= 2995: The Legion of Super-Heroes Sourcebook =

2995: The Legion of Super-Heroes Sourcebook is a 1992 role-playing supplement for DC Heroes published by Mayfair Games.

==Contents==
2995: The Legion of Super-Heroes Sourcebook is a supplement in which the Legion of Super-Heroes and the 30th Century are detailed.

==Publication history==
Shannon Appelcline noted that "2995: The Legion of Super-Heroes Sourcebook (1992) was an even more unique release for the RPG industry. It was written by then-authors of the Legion of Super-Heroes comic (v4: 1989-1994) and contained background information that had not yet been revealed in the comic.
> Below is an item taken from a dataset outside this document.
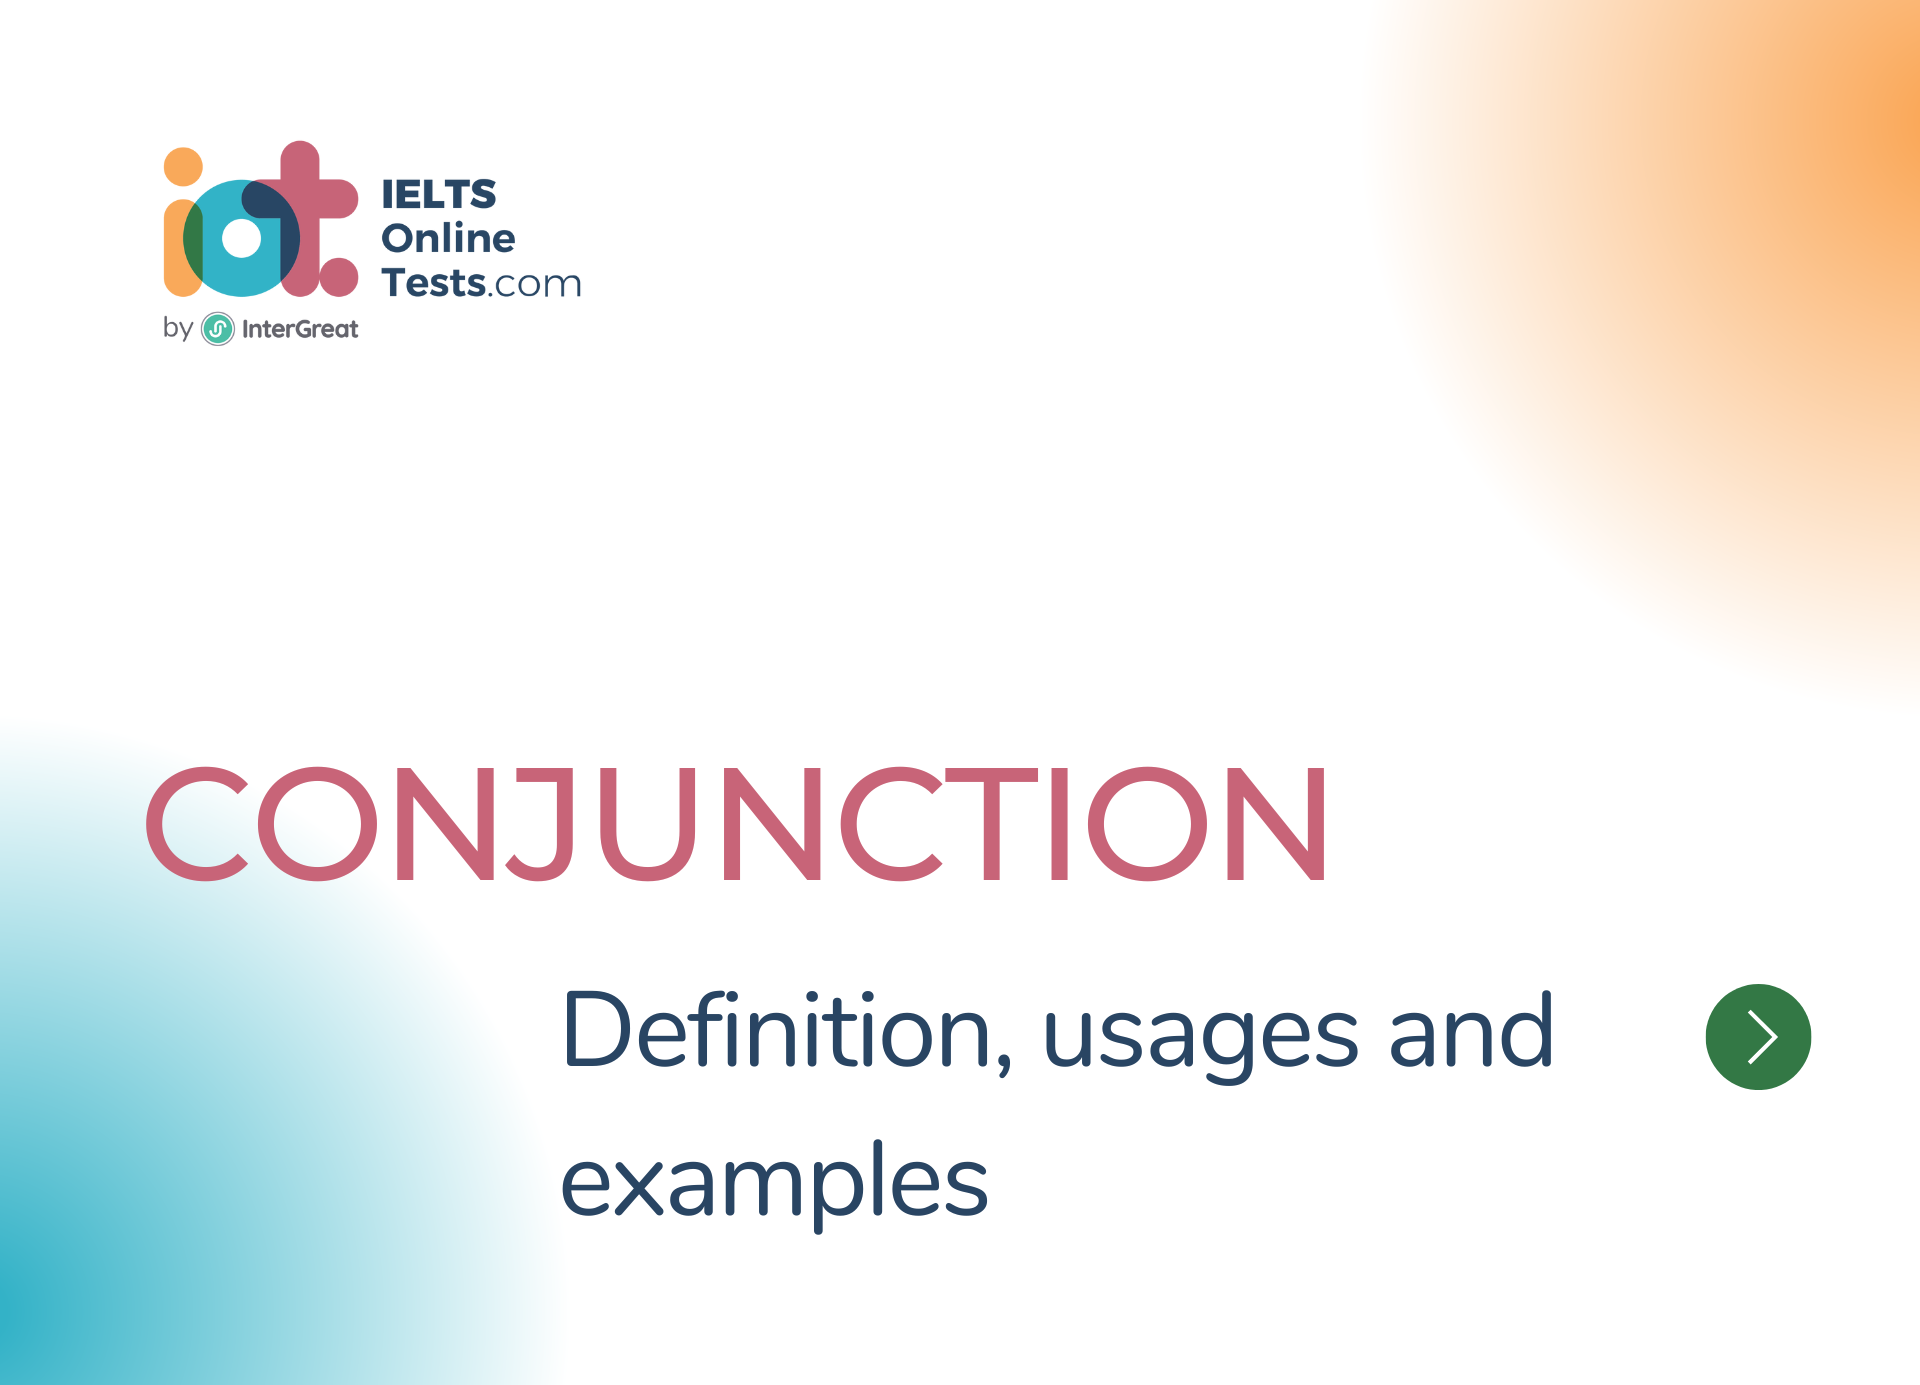 Conjunction definition, usages and examples

Though material from Star Trek and Star Wars RPG sourcebooks has occasionally influenced the licensor, this is one of the very few cases where a supplement was deliberately written to reveal information for a larger license."

==Reception==
Gene Alloway reviewed The 2995 Legion of Super-Heroes Sourcebook in White Wolf #36 (1993), rating it a 2 out of 5 and stated that "The Legion Sourcebook is a welcome addition to the DC Heroes line of products. Keeping in mind its limitation, I do recommend it for those players wanting to expand their campaigns into the 30th century, but not for others. Be aware you will probably need the Atlas of the DC Universe as well."